I ran the following command to fix the index but it ended up saying that everything was fine

sudo java -cp lucene-core*.jar -ea:org.apache.lucene... org.apache.lucene.index.CheckIndex "[NODE]/0/[INDEX]/0/index/" -exorcise

Took 1972.855 sec total.

Is there anything I can do fix the index?

The corruption is in the translog, rather than in the Lucene index; CheckIndex only checks the Lucene index so it will not notice this.

I'm not sure how Elasticsearch got into this state, however. What version are you using? Could you share the stack trace from a failed allocation, which will be in the log file? You can retry, in order to get the same exception, using

POST /_cluster/reroute?retry_failed=true

Could you also zip up all the files matching the following pattern and share them here?

/var/lib/elasticsearch/nodes/0/indices/l1VcSQySRmuyFGTBBPjX9g/0/translog/*.ckp

Hi David, thanks for the response. I'm running ES 6.2.2.

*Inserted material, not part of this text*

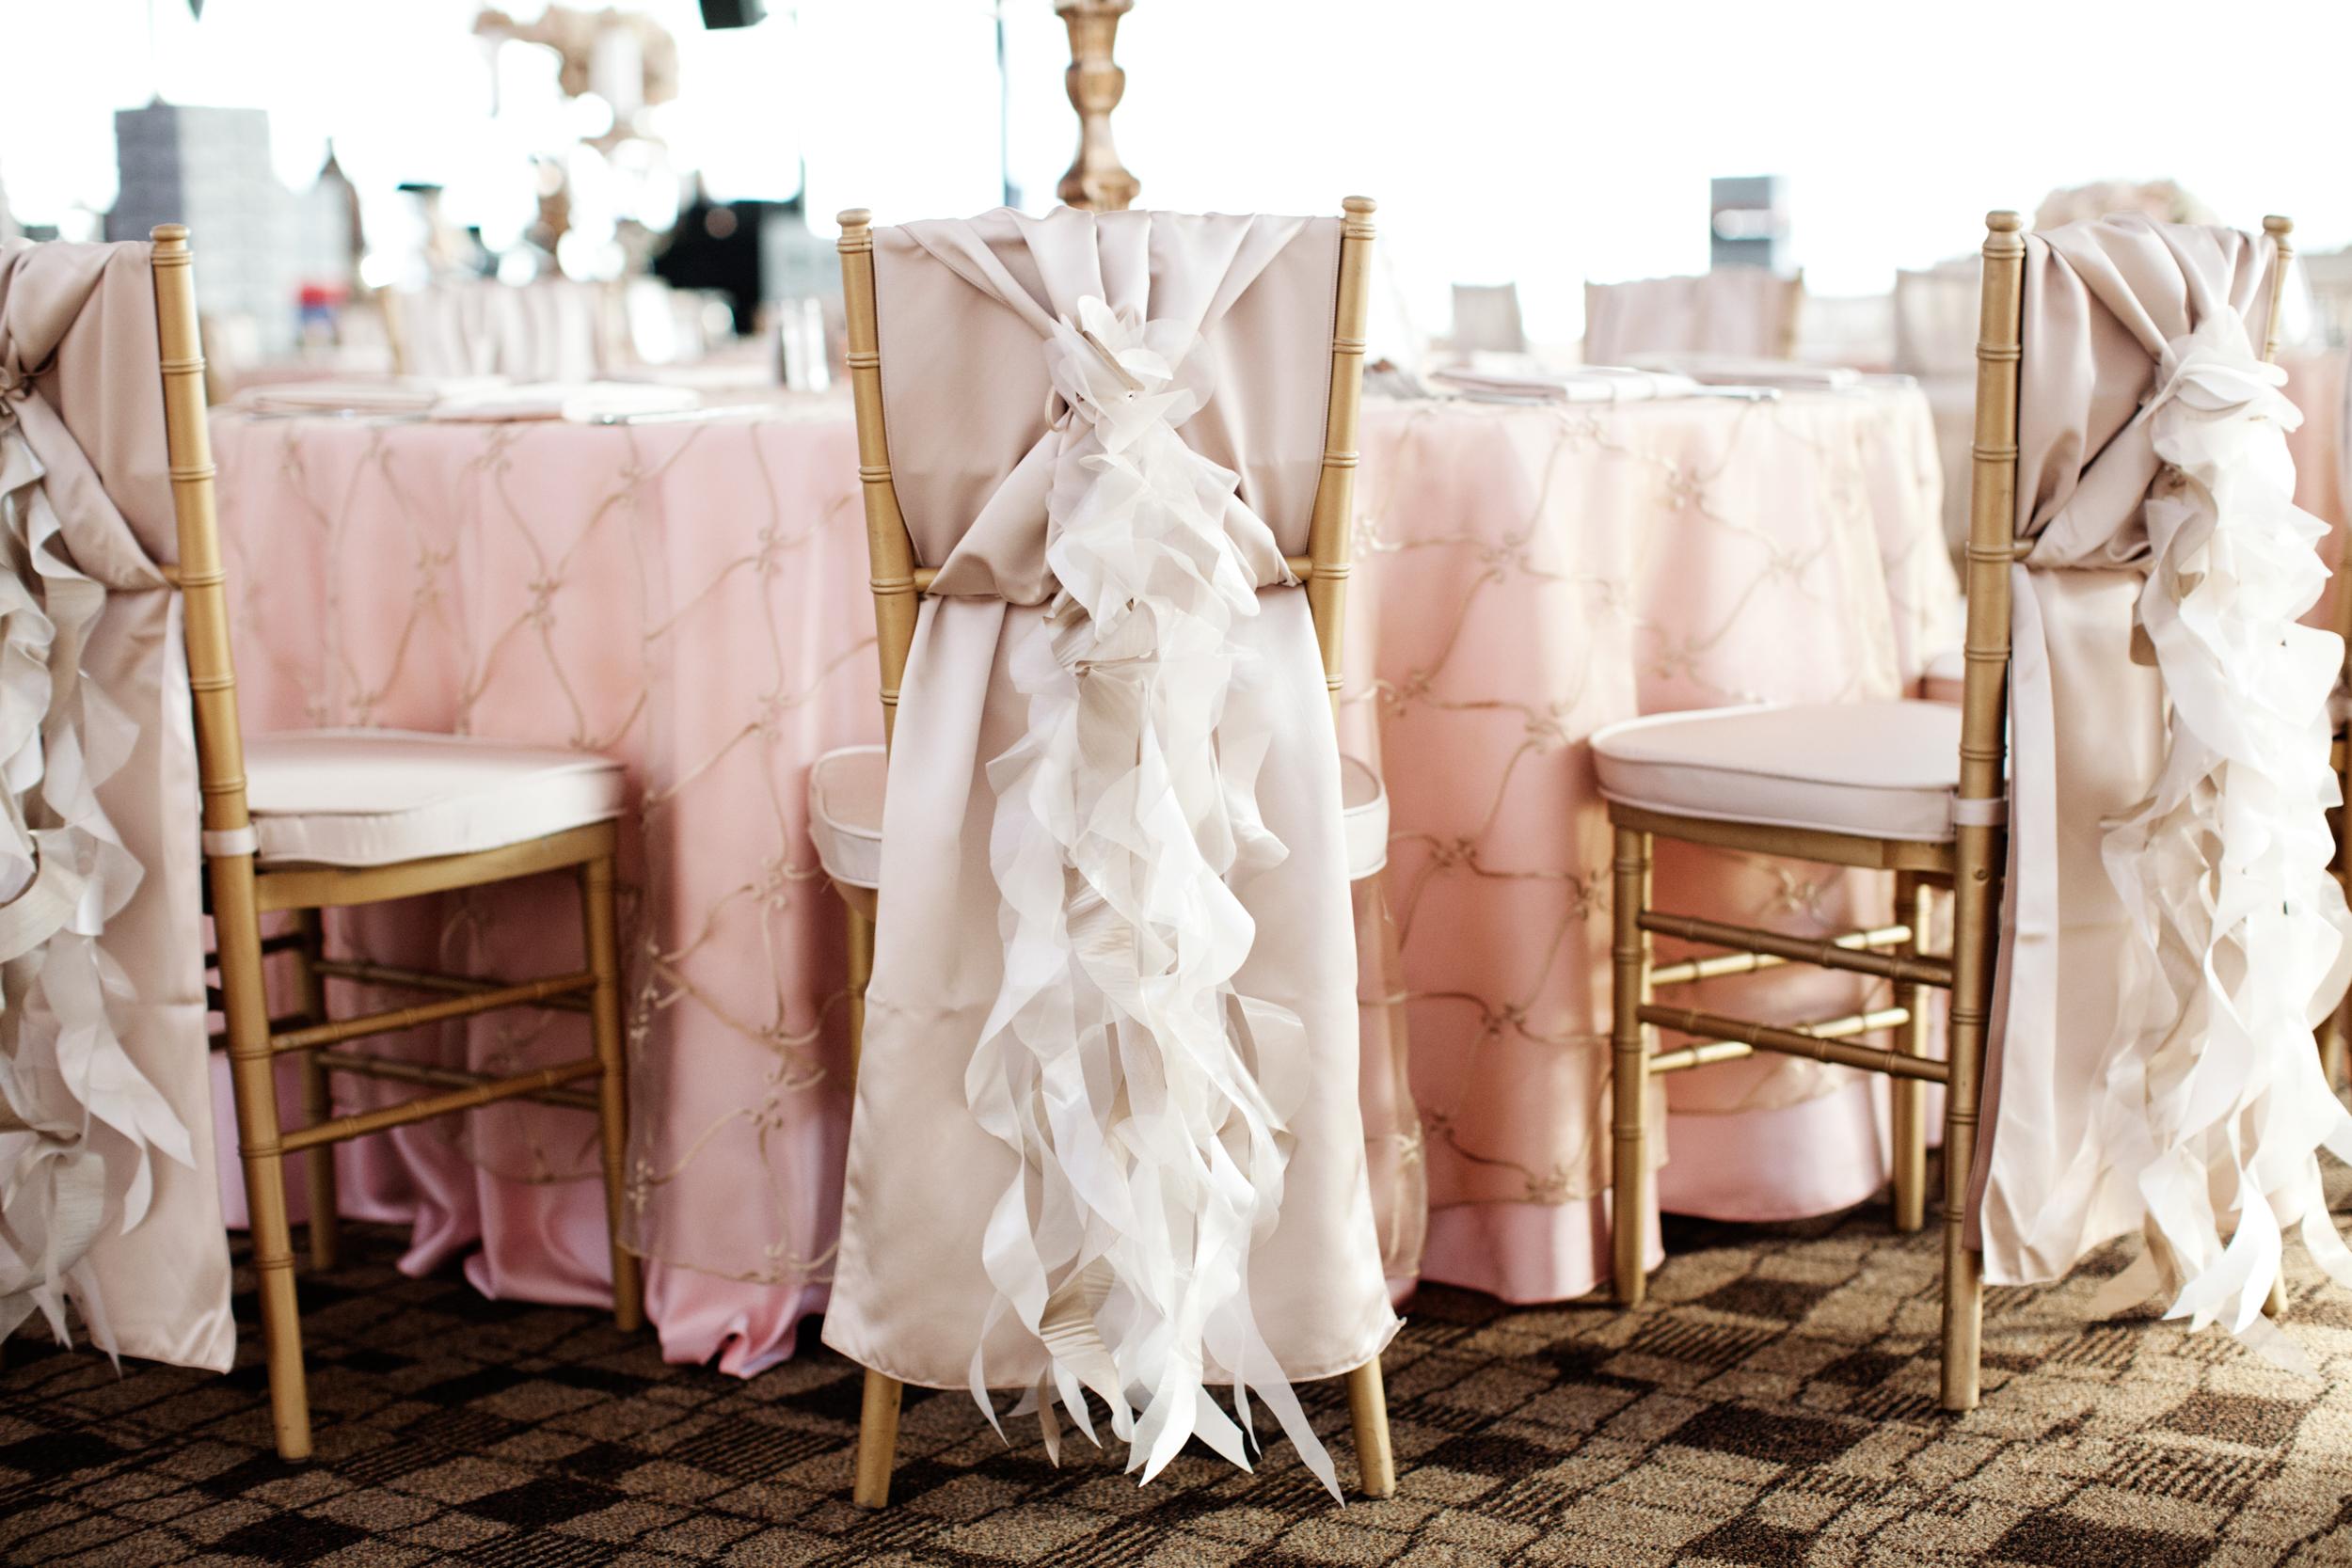 Ceci_New_York_Ceci_Style_Ceci_Johnson_Luxury_Lifestyle_Floral_Lace_Wedding_Letterpress_Inspiration_Design_Custom_Couture_Personalized_Invitations_-63.jpg

My logging isn't working right now for some reason but in the meantime I'll add the relevant bits from the output of the reroute attempt. Not sure what the preferred method of sharing the zip is, so I added it to this repo: https://github.com/jtalmi/twitter/blob/master/es_broken_index.zip

Let me know if that's ok.

 "twitter" : {
          "shards" : {
            "0" : [
              {
                "state" : "UNASSIGNED",
                "primary" : true,
                "node" : null,
                "relocating_node" : null,
                "shard" : 0,
                "index" : "twitter",
                "recovery_source" : {
                  "type" : "EXISTING_STORE"
                },
                "unassigned_info" : {
                  "reason" : "ALLOCATION_FAILED",
                  "at" : "2018-11-09T06:56:33.069Z",
                  "failed_attempts" : 5,
                  "delayed" : false,
                  "details" : "failed shard on node [CxXWE8BiQbS4ThB9AvvGQA]: failed recovery, failure RecoveryFailedException[[twitter][0]: Recovery failed on {node-1}{CxXWE8BiQbS4ThB9AvvGQA}{Wh32CTV_QWiZkFFB06YEsw}{10.142.0.2}{10.142.0.2:9300}]; nested: IndexShardRecoveryException[failed to recover from gateway]; nested: EngineCreationFailureException[failed to create engine]; nested: CorruptIndexException[misplaced codec footer (file truncated?): length=0 but footerLength==16 (resource=SimpleFSIndexInput(path=\"/var/lib/elasticsearch/nodes/0/indices/l1VcSQySRmuyFGTBBPjX9g/0/translog/translog-1228.ckp\"))]; ",
                  "allocation_status" : "deciders_no"
                }
              }
            ]
          }
        },

and

    "routing_nodes" : {
      "unassigned" : [
        {
          "state" : "UNASSIGNED",
          "primary" : true,
          "node" : null,
          "relocating_node" : null,
          "shard" : 0,
          "index" : "twitter",
          "recovery_source" : {
            "type" : "EXISTING_STORE"
          },
          "unassigned_info" : {
            "reason" : "ALLOCATION_FAILED",
            "at" : "2018-11-09T06:56:33.069Z",
            "failed_attempts" : 5,
            "delayed" : false,
            "details" : "failed shard on node [CxXWE8BiQbS4ThB9AvvGQA]: failed recovery, failure RecoveryFailedException[[twitter][0]: Recovery failed on {node-1}{CxXWE8BiQbS4ThB9AvvGQA}{Wh32CTV_QWiZkFFB06YEsw}{10.142.0.2}{10.142.0.2:9300}]; nested: IndexShardRecoveryException[failed to recover from gateway]; nested: EngineCreationFailureException[failed to create engine]; nested: CorruptIndexException[misplaced codec footer (file truncated?): length=0 but footerLength==16 (resource=SimpleFSIndexInput(path=\"/var/lib/elasticsearch/nodes/0/indices/l1VcSQySRmuyFGTBBPjX9g/0/translog/translog-1228.ckp\"))]; ",
            "allocation_status" : "deciders_no"
          }
        }
      ],

This looks like a bug and I opened #35407 to prevent it happening in future.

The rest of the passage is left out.